Material provided |
──────
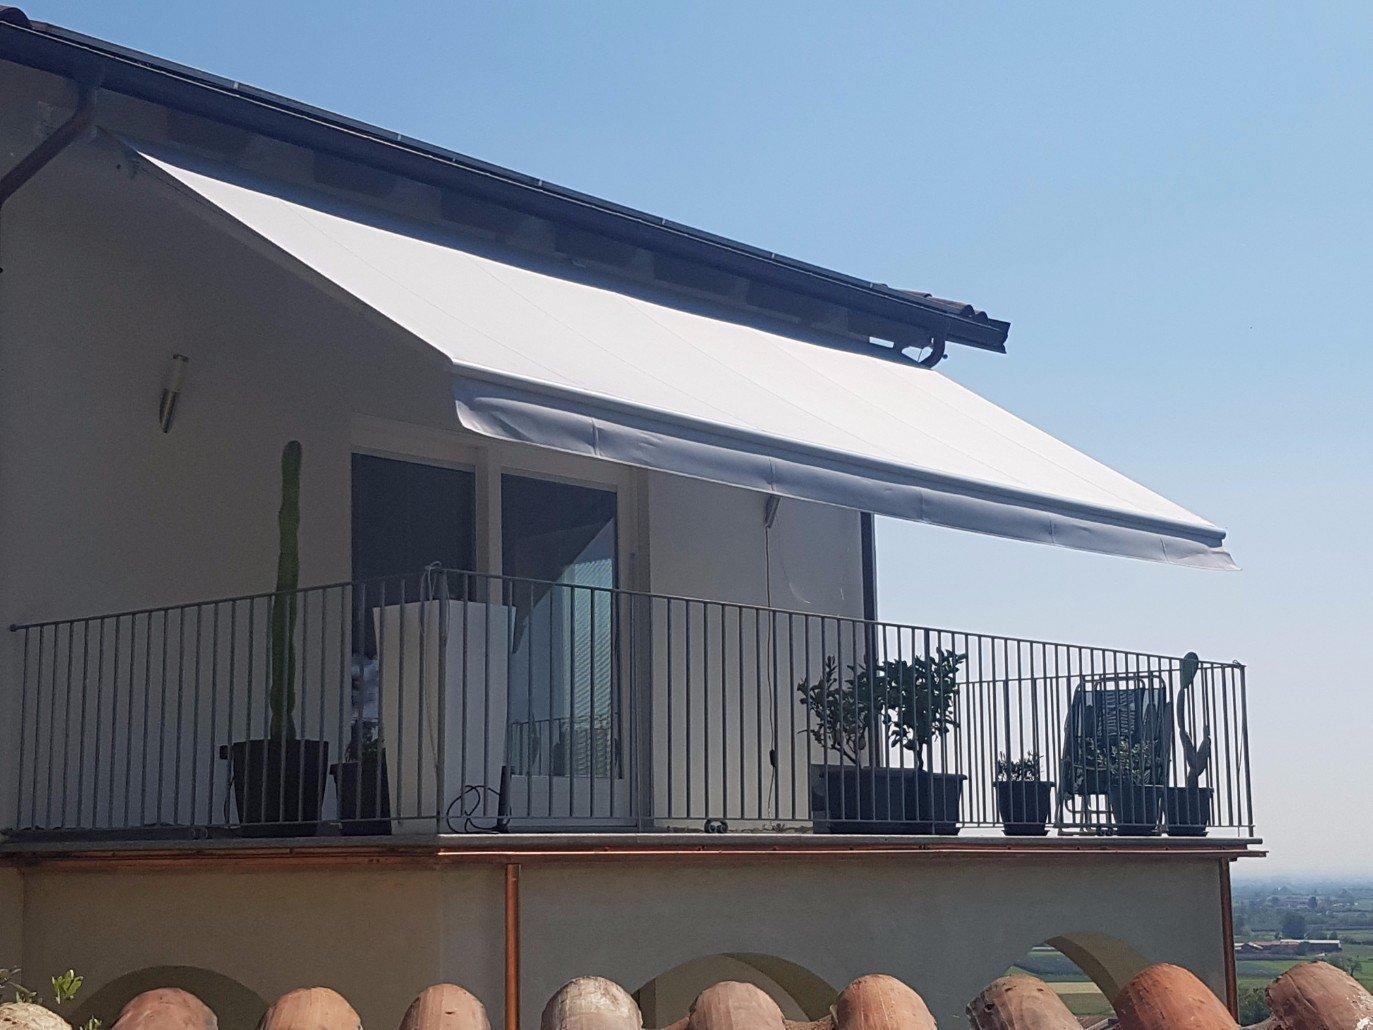 un balcone con un tendone bianco
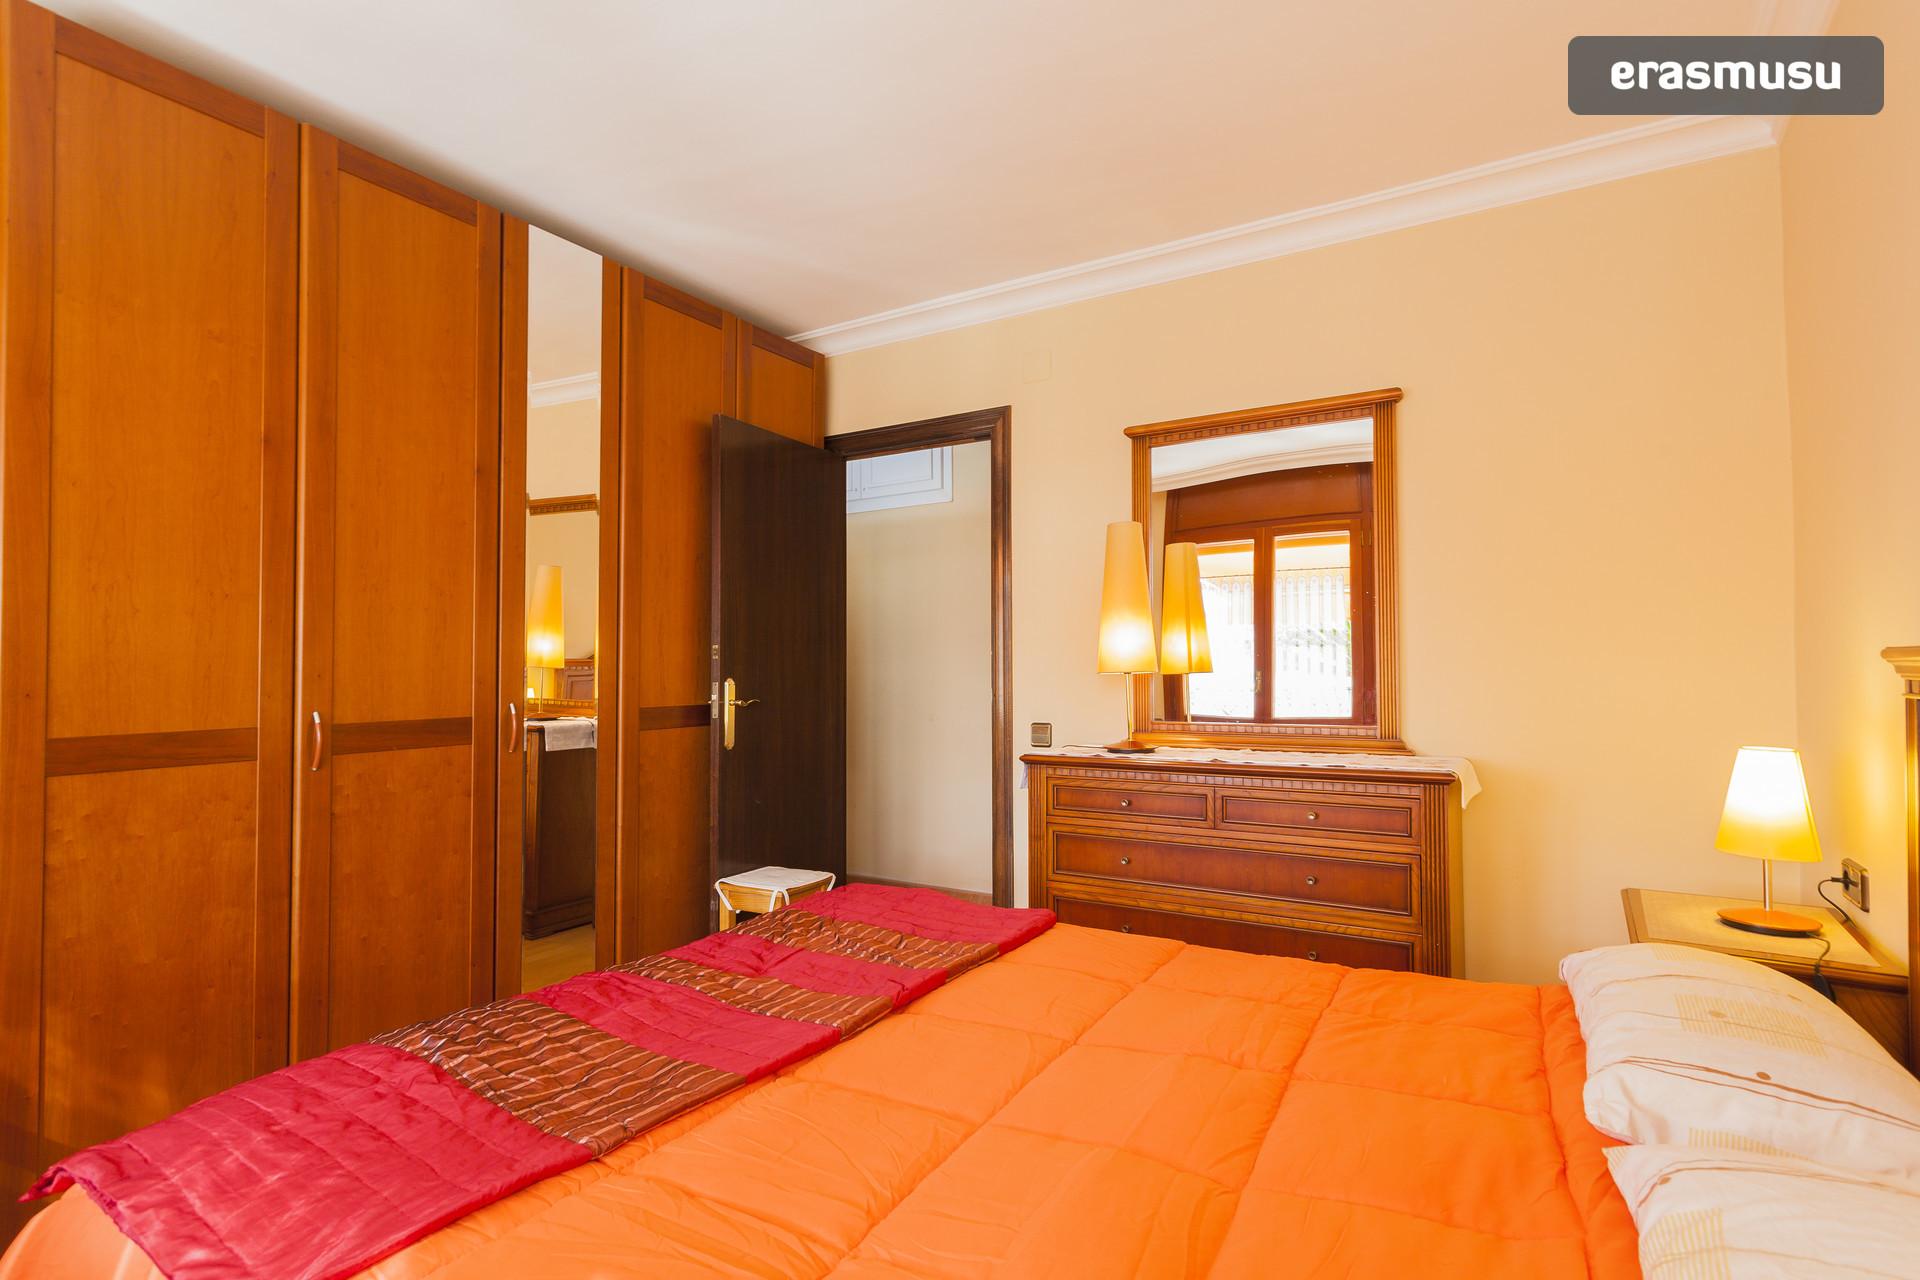 dormitorio-individual-zona-sagrega-a3f31
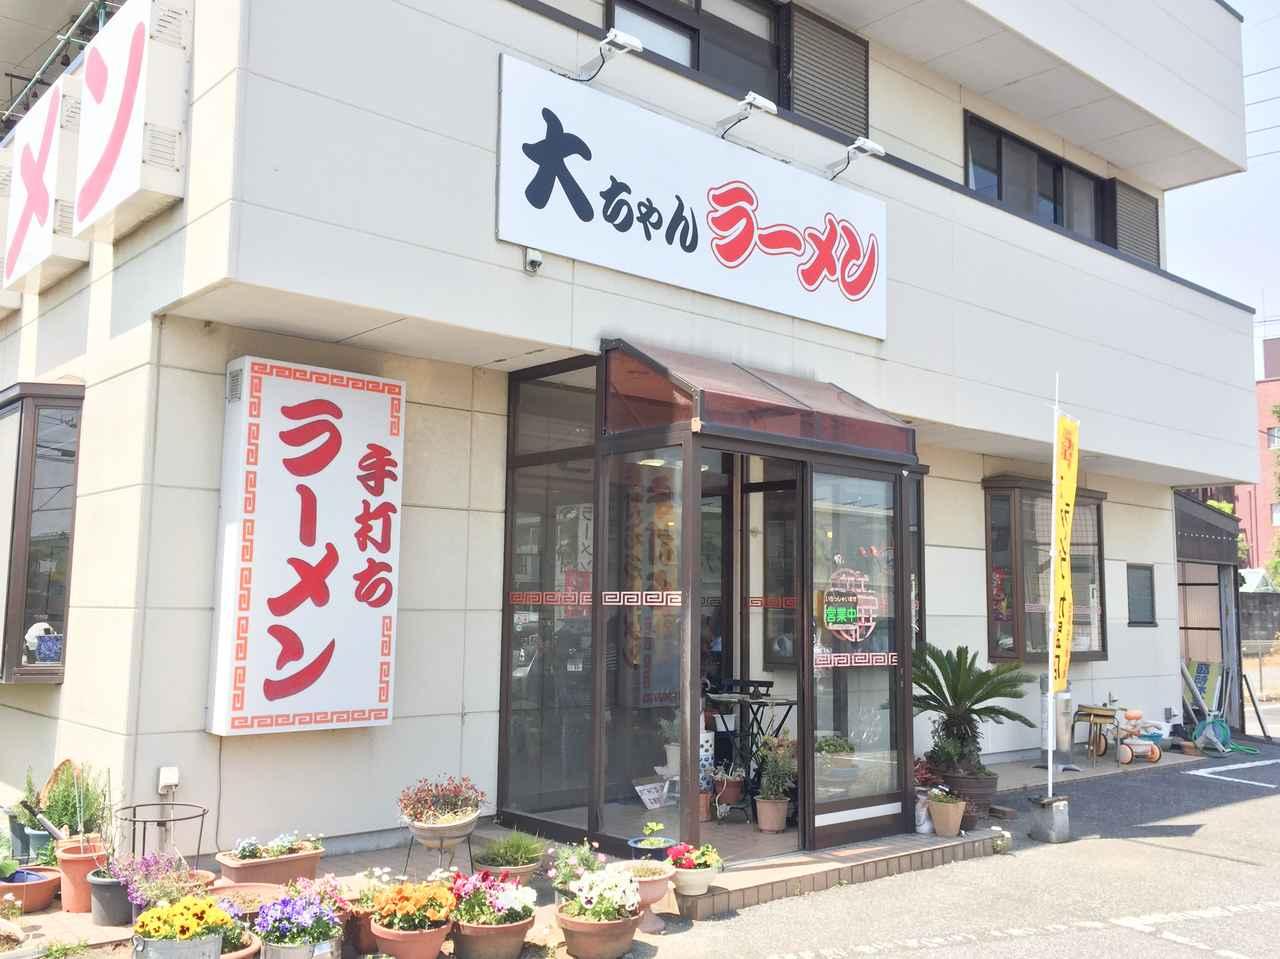 画像: 東北自動車道、佐野藤岡ICから約15分のところにある
──────
Prompt | Write the listing above out again word for word, excluding all images.

Answer for the task |
 un balcone con un tendone bianco
 dormitorio-individual-zona-sagrega-a3f31
 画像: 東北自動車道、佐野藤岡ICから約15分のところにある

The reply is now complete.